В ветреную погоду естественное оконце в потолке показывало звезды, а с коротких молоденьких сталактитов вдоль одной из стен капала вода образуя небольшой подземный ручей. И судя по сооруженному деревянному помосту, ручей этот когда-то служил бывшим хозяевам надежным источником пресной воды.

Простор его нового жилища допускал многочисленные и теперь многолюдные совещания глав экипажей и по вечерам грот был наполнен гомоном, запахом старой кожи и табачным дымом.

Сегодня же, когда после бурных обсуждений и в меру интеллигентной пьянки он наконец остался один, Витал сел за стол и занес перо над белым пятном пустого листа.

«Консулу Альянса Негоциантов…»

Ему показалась приставшая волосинка на краю бумаги, и он принялся скрести ногтями уголок листа, тщетно пытаясь подцепить ее кончиками пальцев. Бесполезно. Не то.

«Леди де Круа лично в руки…»

Какая чушь…

Он с кадетского класса не писал писем дамам.

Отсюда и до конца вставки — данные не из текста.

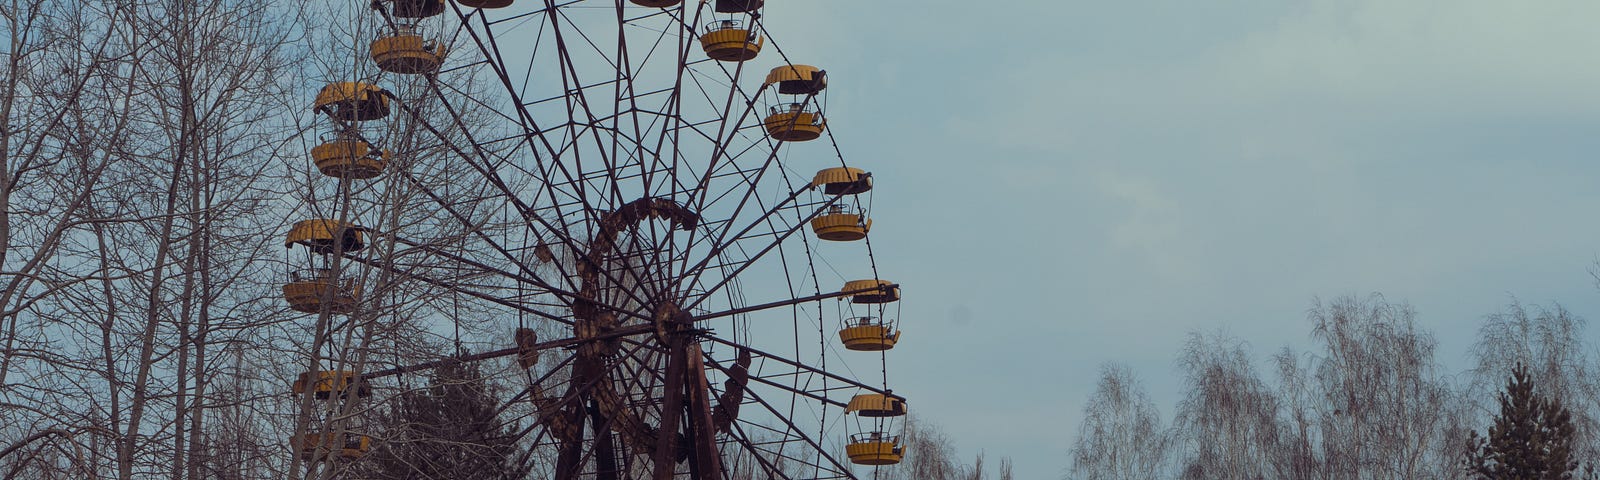 Abandoned Ferris wheel in Chernobyl
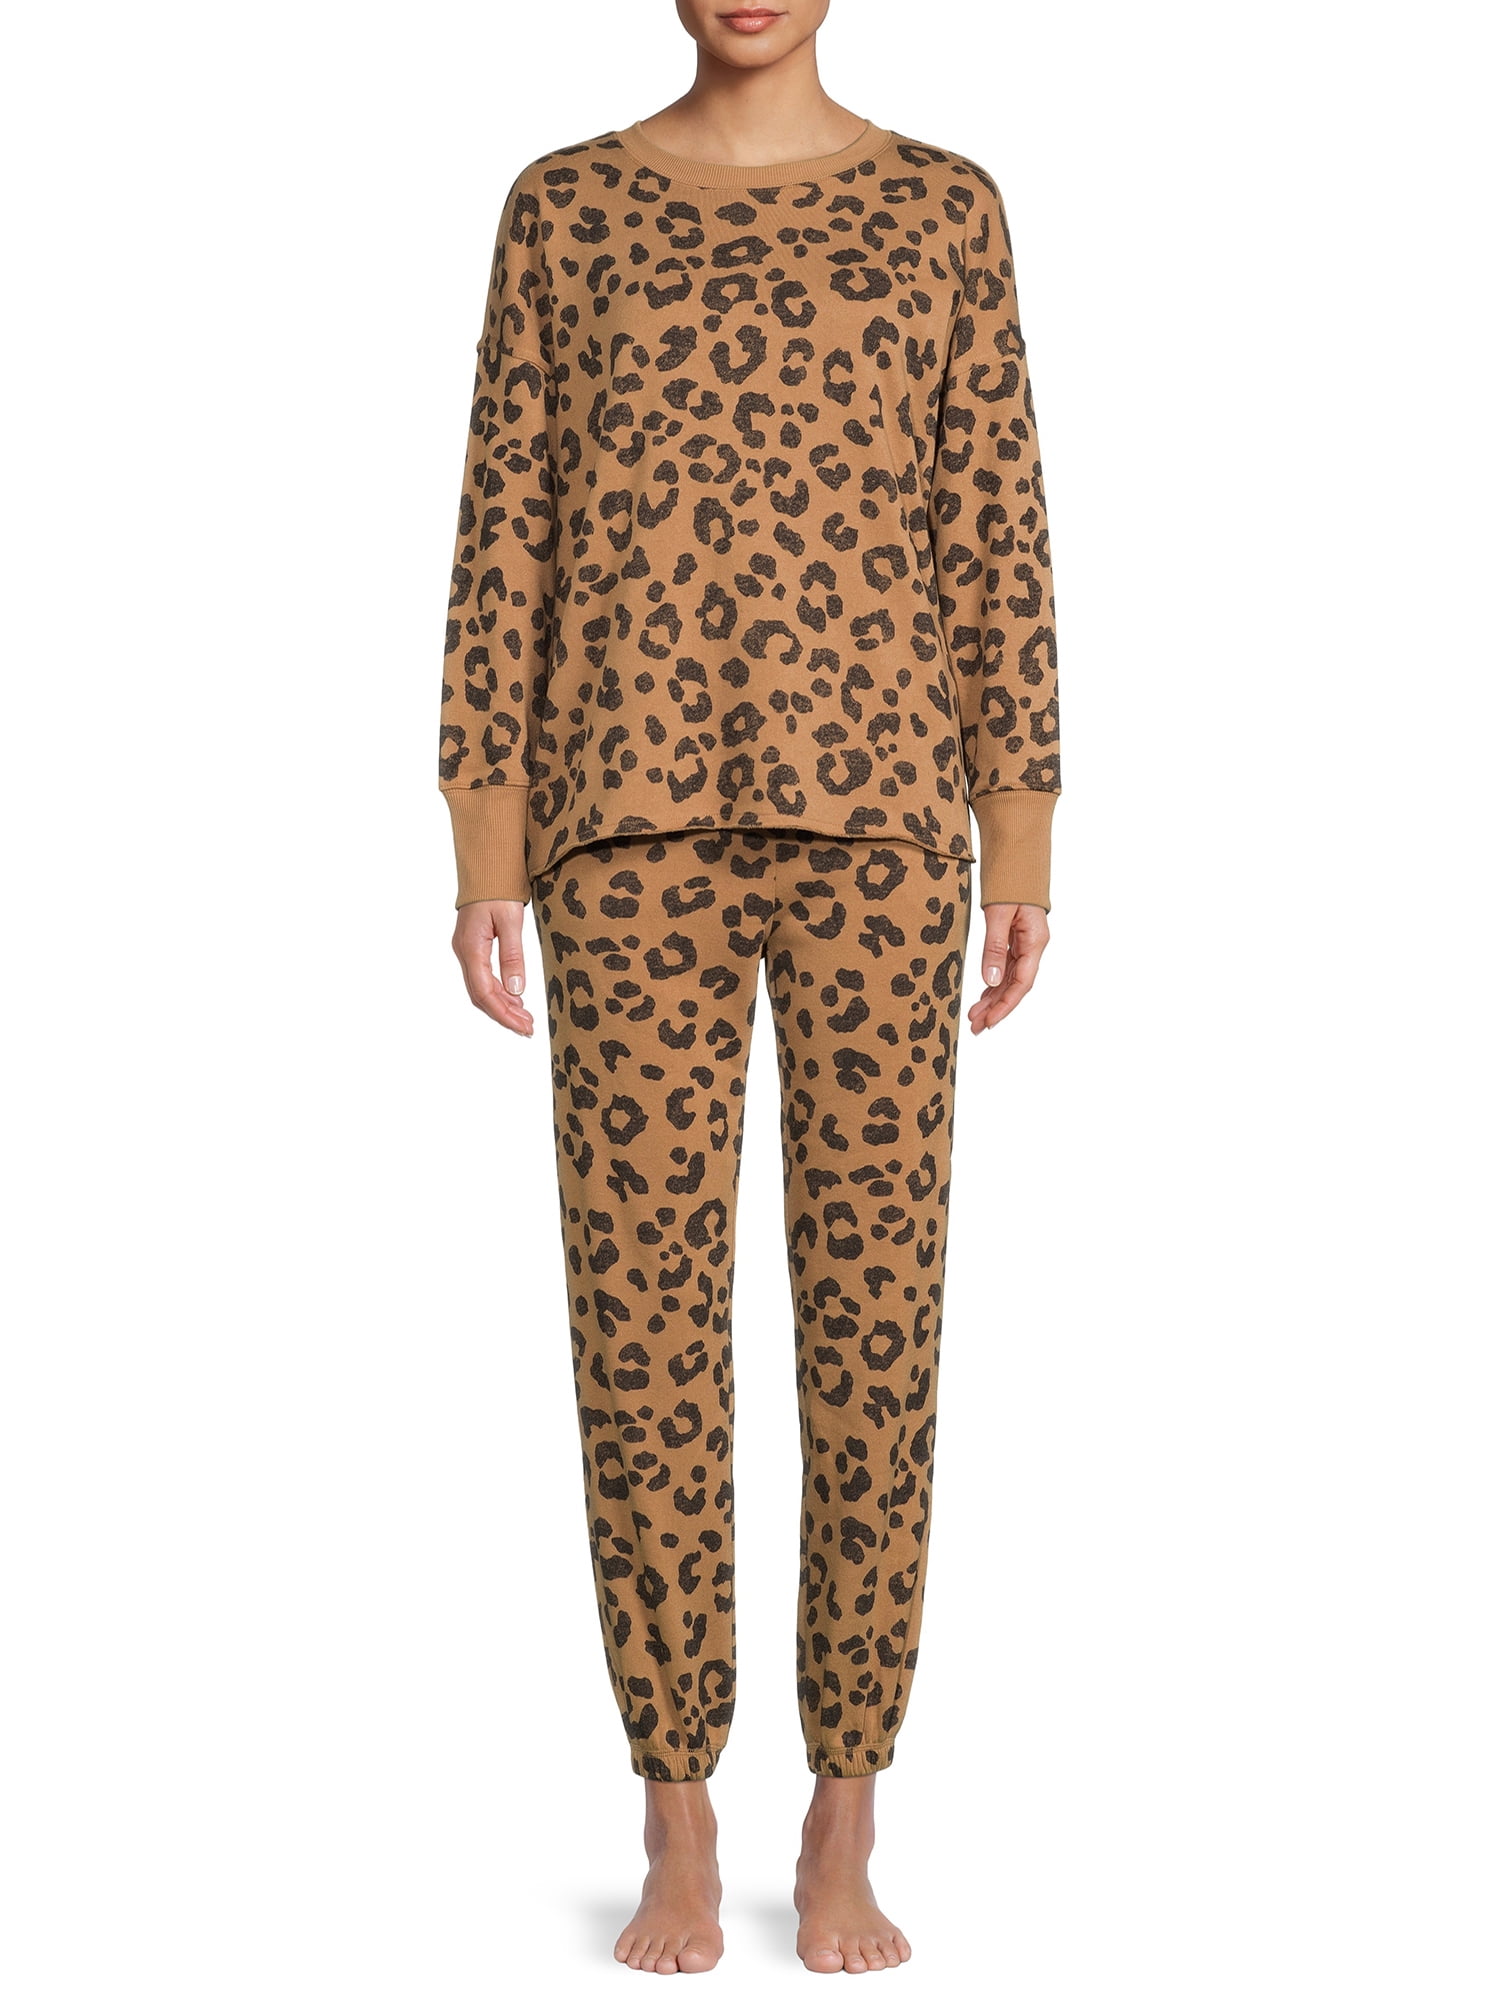 Details about   NEW Stillwater Supply Co fleece sleep pants pajama bottoms Black Girl's Size 10

Сколько всего произошло… Да и кабы не найденная в трюме серьга, разве стал бы он вообще…

Конечно же стал!..

«Моя дорогая Селин,

Отважусь ли отправить это письмо самолично, не знаю. Но передадут его тебе в руки мои доверенные лица, в коих я абсолютно уверен.

Мысли о тебе – то еще испытание. Встреча с тобой на жизненном пути сделала меня самым счастливым человеком на земле. И несчастным. Ведь теперь я понимаю, чего лишен. И возможно… навсегда.

Селин, я пал так низко, что уже никогда не смогу стать достойным тебя и того восторженного взгляда, которым ты смотрела на меня когда-то…

Больше всего скучаю по твоей улыбке. Не той, что ты надеваешь для посторонних, а той, которой ты улыбалась мне. Только для меня.

Но невзирая ни на что, смею ли просить о встрече и надеяться увидеть тебя вновь? Забавно, даже в статусе пирата не делаюсь отважнее, когда задаю этот вопрос.

Что до меня – о, поверь, я ничем не рискую! Ты не тревожься, если вдруг узнаешь, будто за мою голову назначена награда. До обидного недорого они оценили ее, доложу я тебе, но все же приходится держать ухо востро.В случае согласия, о месте, дате и времени тебя уведомят. Прекрасно сознаю, какой риск несет сия афера для твоего статуса. И сделаю все, чтобы охранить твою жизнь, честь и репутацию.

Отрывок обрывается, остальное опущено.